For the math alone, I agree with the extension of the payroll tax cut. It is a great way to place 160 million times $1,000 into the economy, automatically. For most people, the periodic extra $40 will go right back into their neighborhood businesses, or maybe just to their gas stations.

However…

This is a short-term fix for a long-term problem.

Tax

What are the long-term losses for the rest of us?

 

  • Now both houses of Congress know that the payroll tax (Social Security can be played for political gain.  Is the “third rail” gone? As Senator Harkin said yesterday,

“I never thought I would have to see the day when a Democratic president of the United States and a Democratic vice president would agree to put Social Security in this kind of jeopardy,” exclaimed a visibly agitated Harkin from the Senate floor. “Never did I ever imagine a Democratic president would be the beginning of the unraveling of Social Security.”

  • Restoration of these contributions (or payroll taxes) is now positioned as a tax cut on the middle class (as opposed to a contribution to a valuable old age and retirement insurance program).
  • If you don’t need the $40 now, are you saving this money for the long-term? Did you increase your contributions to your 401(k) this year?
  • How does this cut affect the health of the Social Security program as a whole? According to the White House, it doesn’t.

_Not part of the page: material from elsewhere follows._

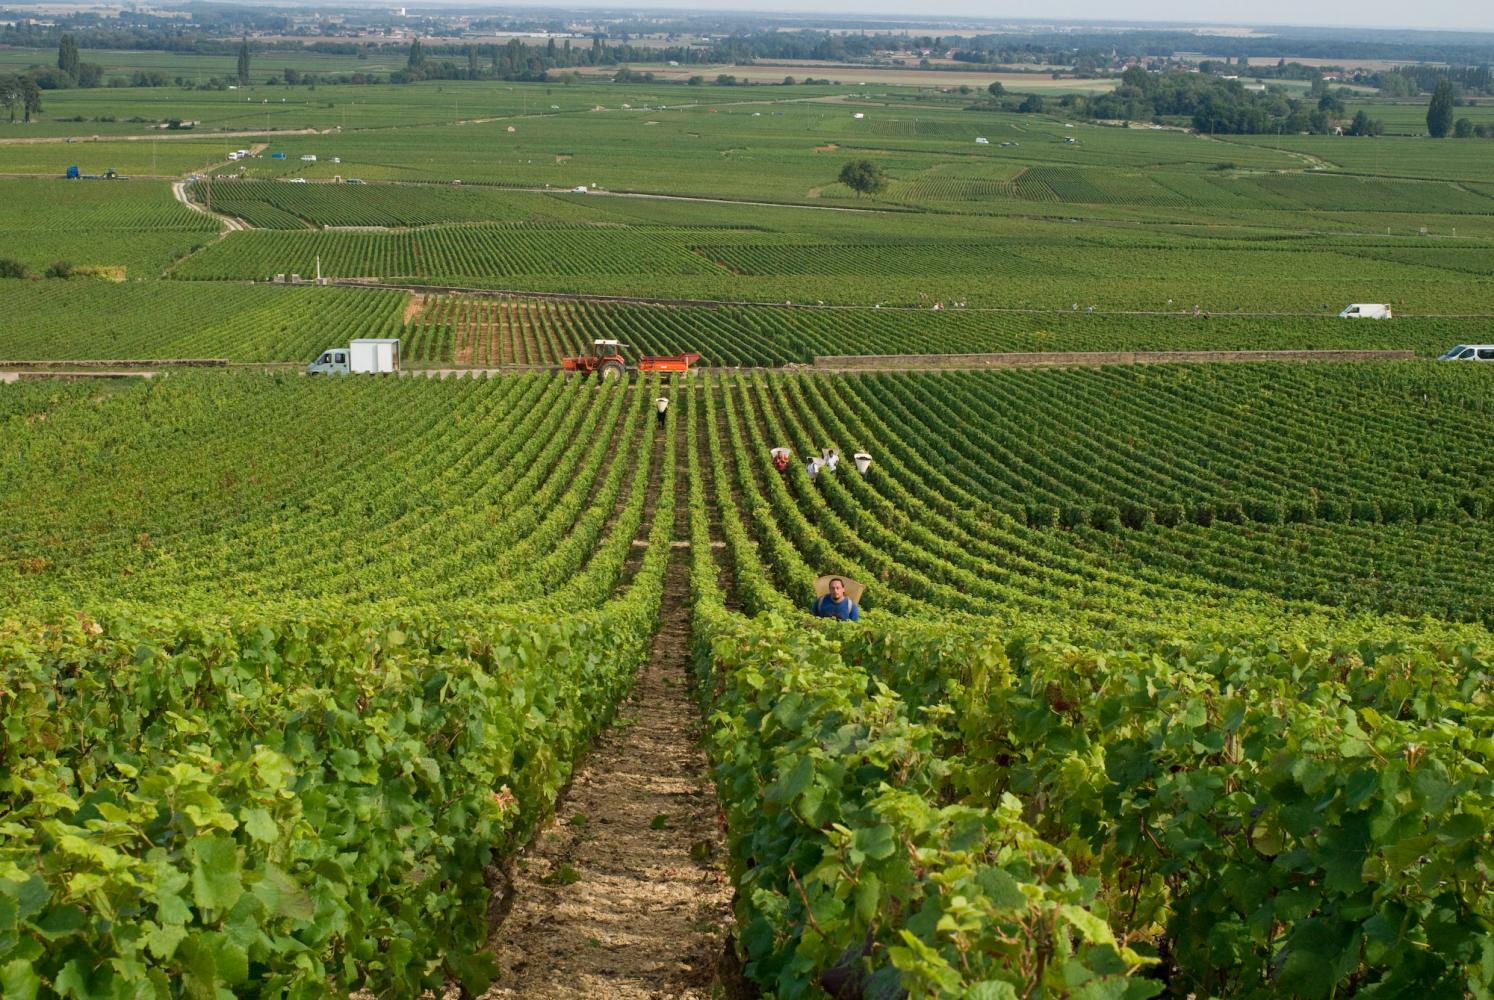 Attente en haut d'une colline : des vignobles à perte de vue, et les porteurs qui remontent les rangs. Pommard, Bourgogne, septembre 2009.

Alicia Munnell, of the Boston Center for Retirement Research (BCRR) has a sensible suggestion for restoration of the cut here.

As a financial advisor, I can tell you that the retirement age clients I have met with in the last six months are extremely grateful for their Social Security income. If you look at it as a proxy for a pension or annuity, the perceived value in your portfolio goes way up.

When you compare your Social Security income to the downs and ups of the stock market in the last 3-4 years, a staid stable, guaranteed, income for life, for part of your retirement planning begins to look pretty awesome.

Americans are already not saving enough for retirement, and this payroll tax cut doesn’t help us “eat our peas”.